JASON GRADE 10: He is one of four children in a single-parent, Spanish-speaking household in a large city. He is fluent in English. His teachers note that he seems to have a good understanding of concepts in the content areas based on the work he does in class, especially in math and chemistry. Though never a top student, Jason’s grades have been declining since he started high school. He is failing his classes because his test and essay scores are very low, and he is not doing homework consistently. Jason has a solid social group and occasionally participates in school activities when his work schedule allows it. Recently, he has expressed a desire to leave high school and pursue full-time work in the landscaping business he started with his older brother.
What to Do
No matter their grade level, the range of students’ skills and knowledge is dramatic. In order to nurture their educational lives, we need to know them well: where they come from and what their lives are like, what they like and dislike about school, and what they are good at and what they find difficult. We also need to learn about students’ language and literacy skills. Quite a few students enter our classrooms with individualized education plans (IEPs) in place, which provide clear guidance on the skills they need to develop and the accommodations and modifications we are required to provide.

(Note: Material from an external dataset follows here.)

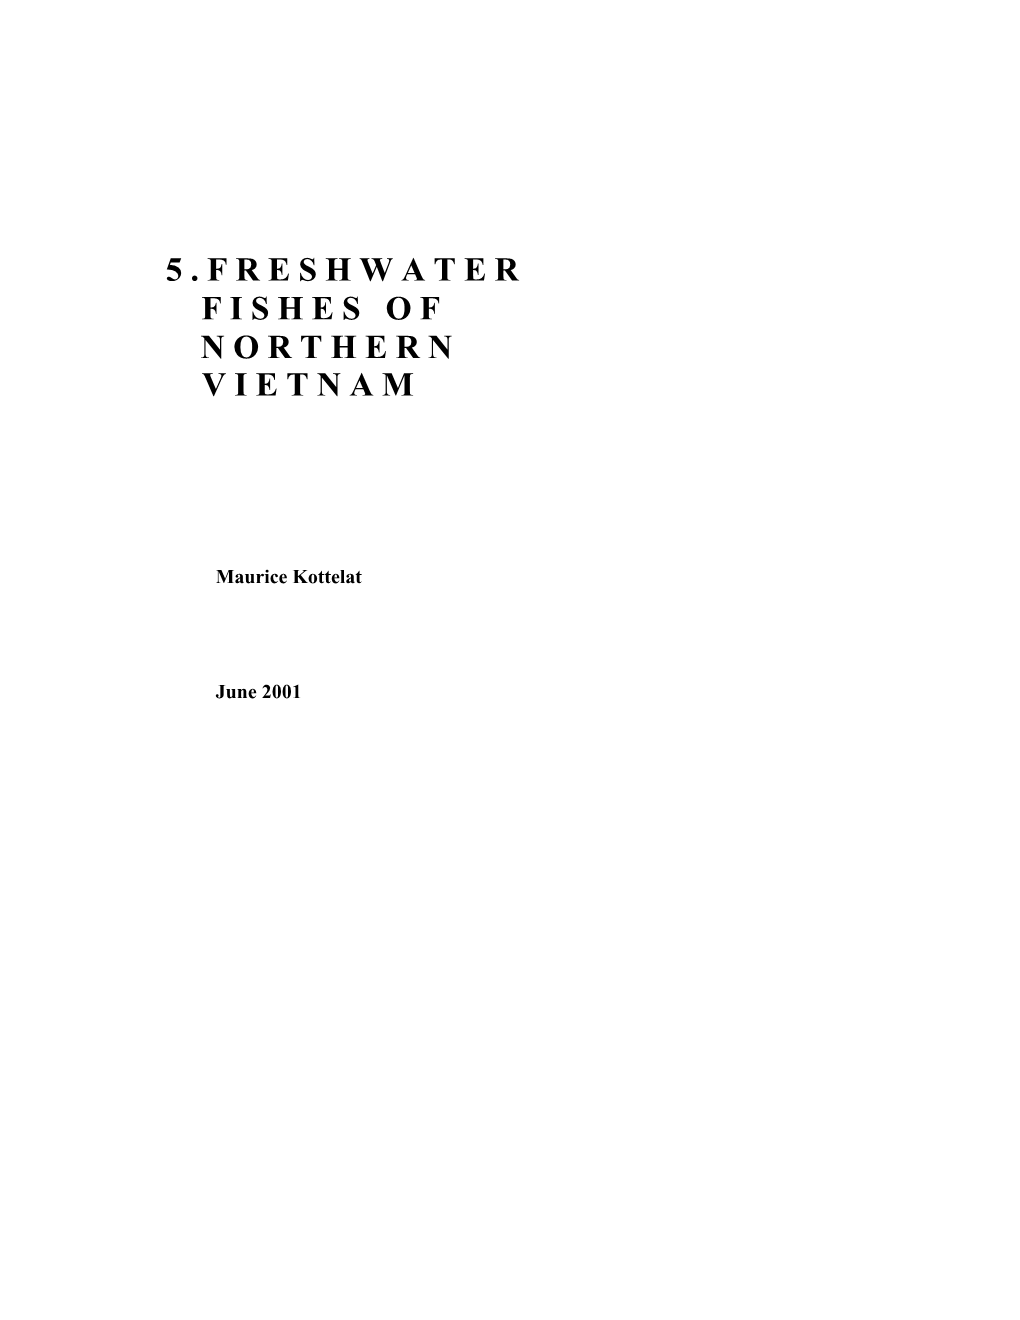 5.Freshwater Fishes of Northern Vietnam

Most arrive without this guidance. What strategies can we use to gather useful information in a timely way?
Learning Questionnaires
Questionnaires are easy to design and can provide a wealth of information. Free online survey programs can be wonderfully helpful, but plain old pencil and paper work just as well. Many teachers use questionnaires at the beginning of each year or term to get specific information that will help guide their instruction. The questionnaires linked in the “Strategies to Download” section below provide teachers with immediate feedback on students’ perceptions of their academic strengths and needs in five areas: listening, speaking, reading, writing, and mathematics. Students’ perceptions alone are a rich source of diagnostic information. When compared with actual performance in class, students’ perceptions add insight into their self-awareness and self-efficacy. The questionnaires provide a good entry point for implementing formative assessment practices. They also provide a useful starting point for conferences with students or parents. They should not replace the formal diagnostic assessment tools to be used with students suspected of having learning disabilities.